§ **Work instructions**
Set down each line of the data exactly, but not the pictures.

§ **Information provided**
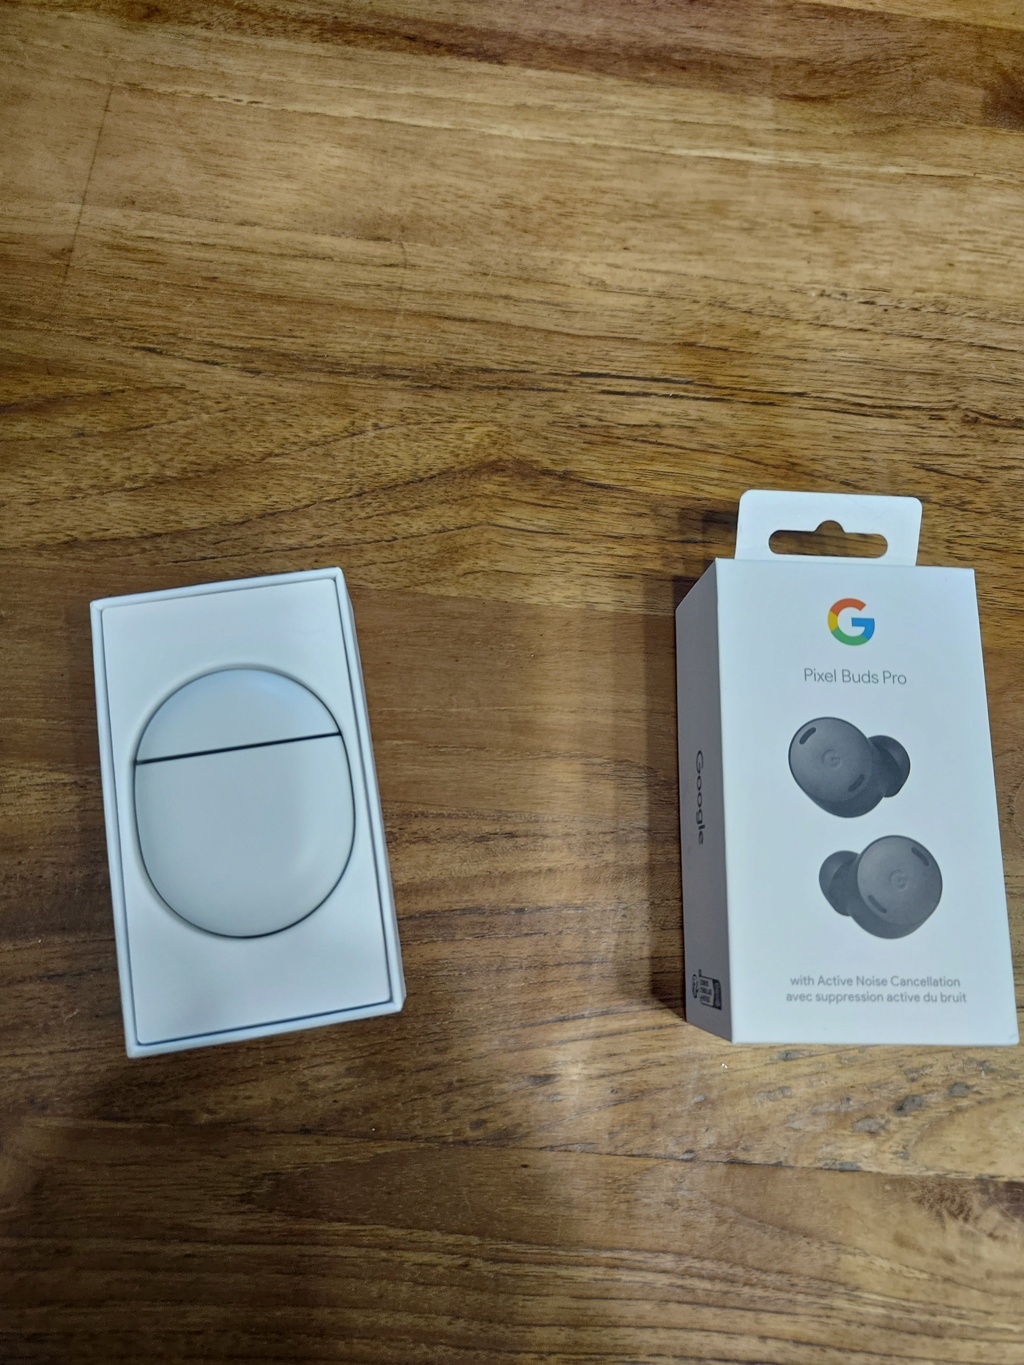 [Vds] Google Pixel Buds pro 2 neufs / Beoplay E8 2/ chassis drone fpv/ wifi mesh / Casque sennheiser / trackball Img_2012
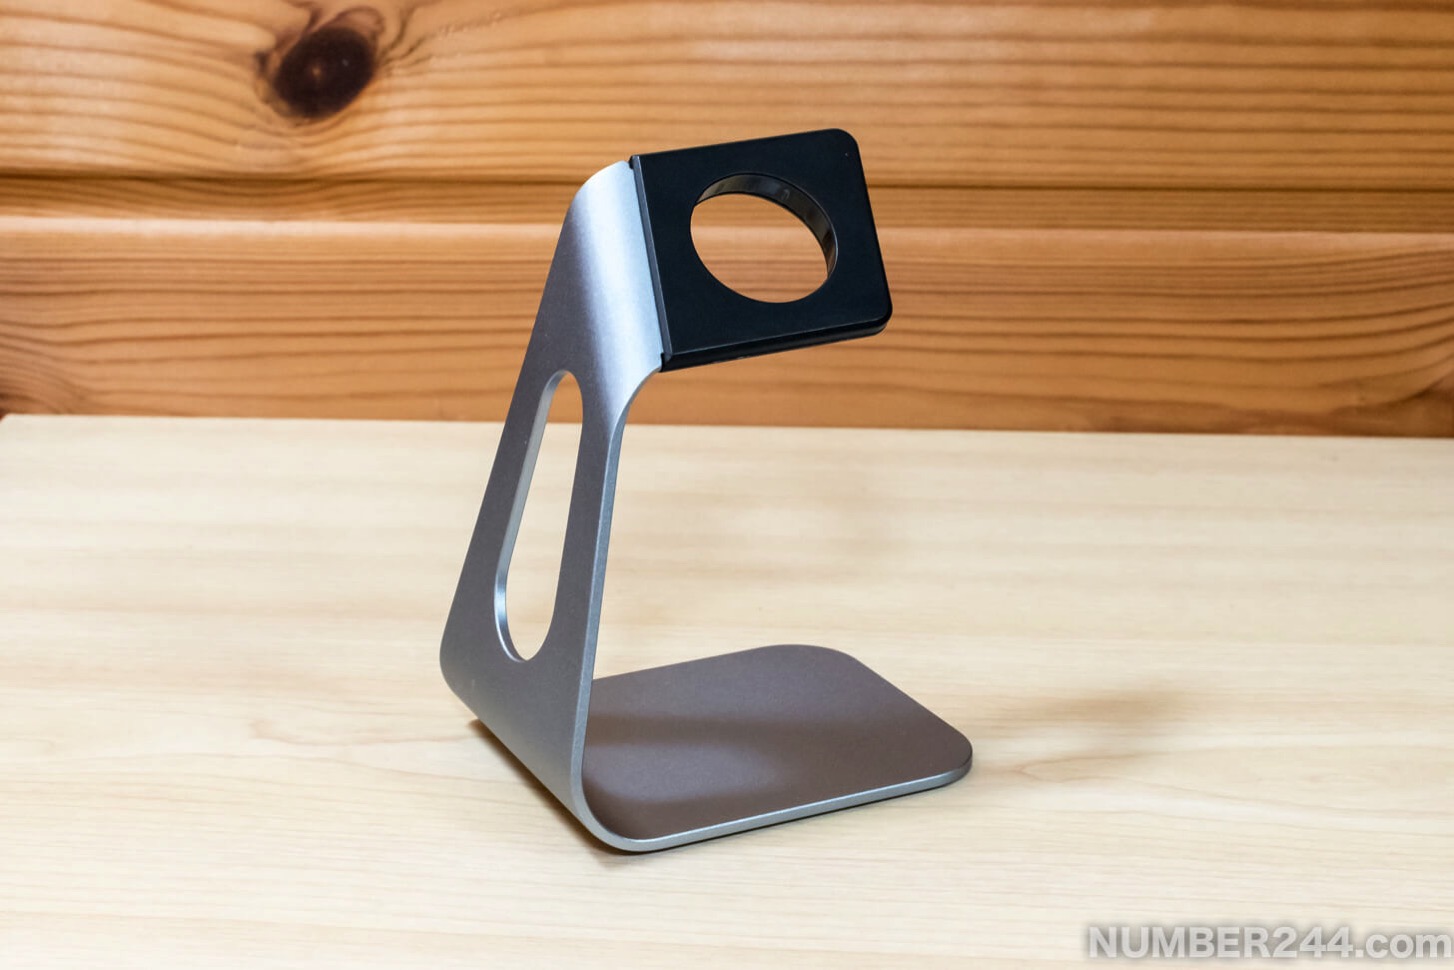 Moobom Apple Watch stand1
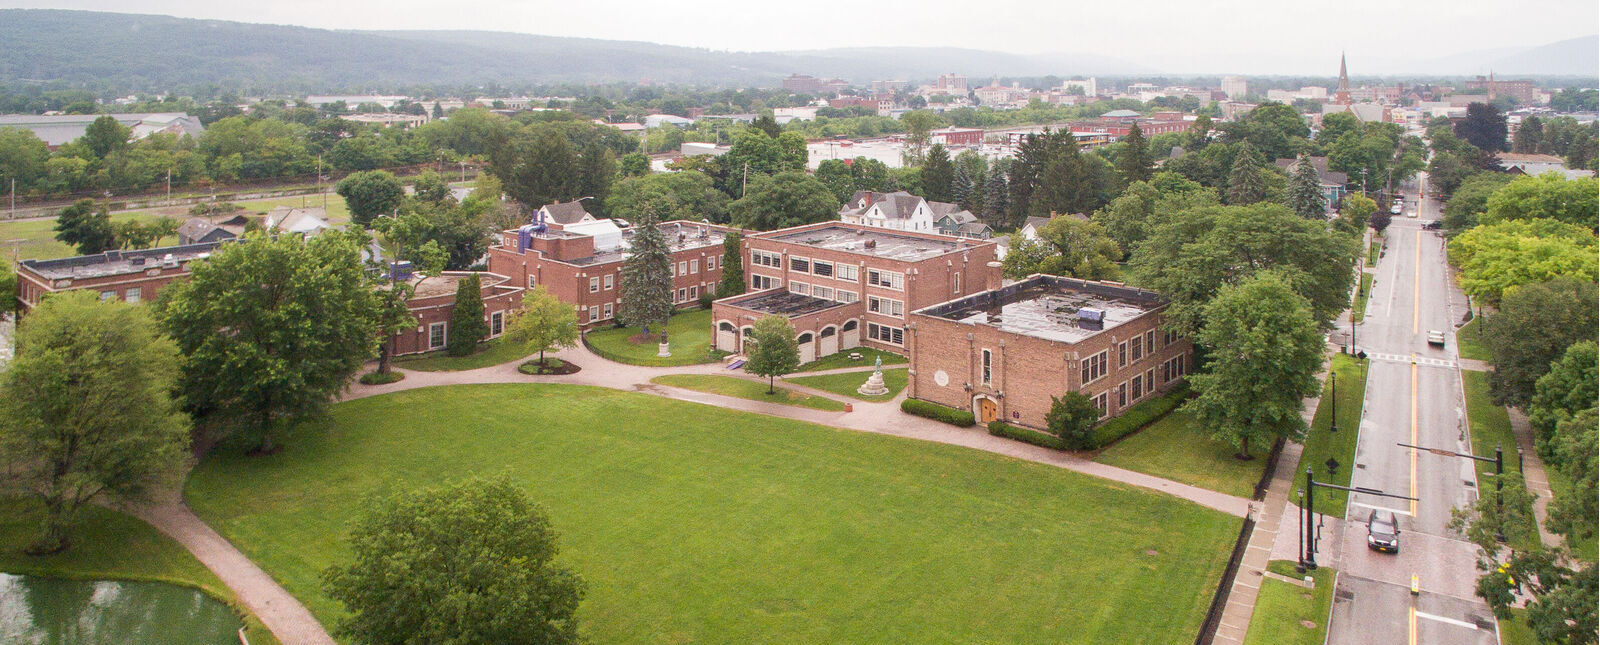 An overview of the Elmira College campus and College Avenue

§ **Answer space**
 [Vds] Google Pixel Buds pro 2 neufs / Beoplay E8 2/ chassis drone fpv/ wifi mesh / Casque sennheiser / trackball Img_2012
 Moobom Apple Watch stand1
 An overview of the Elmira College campus and College Avenue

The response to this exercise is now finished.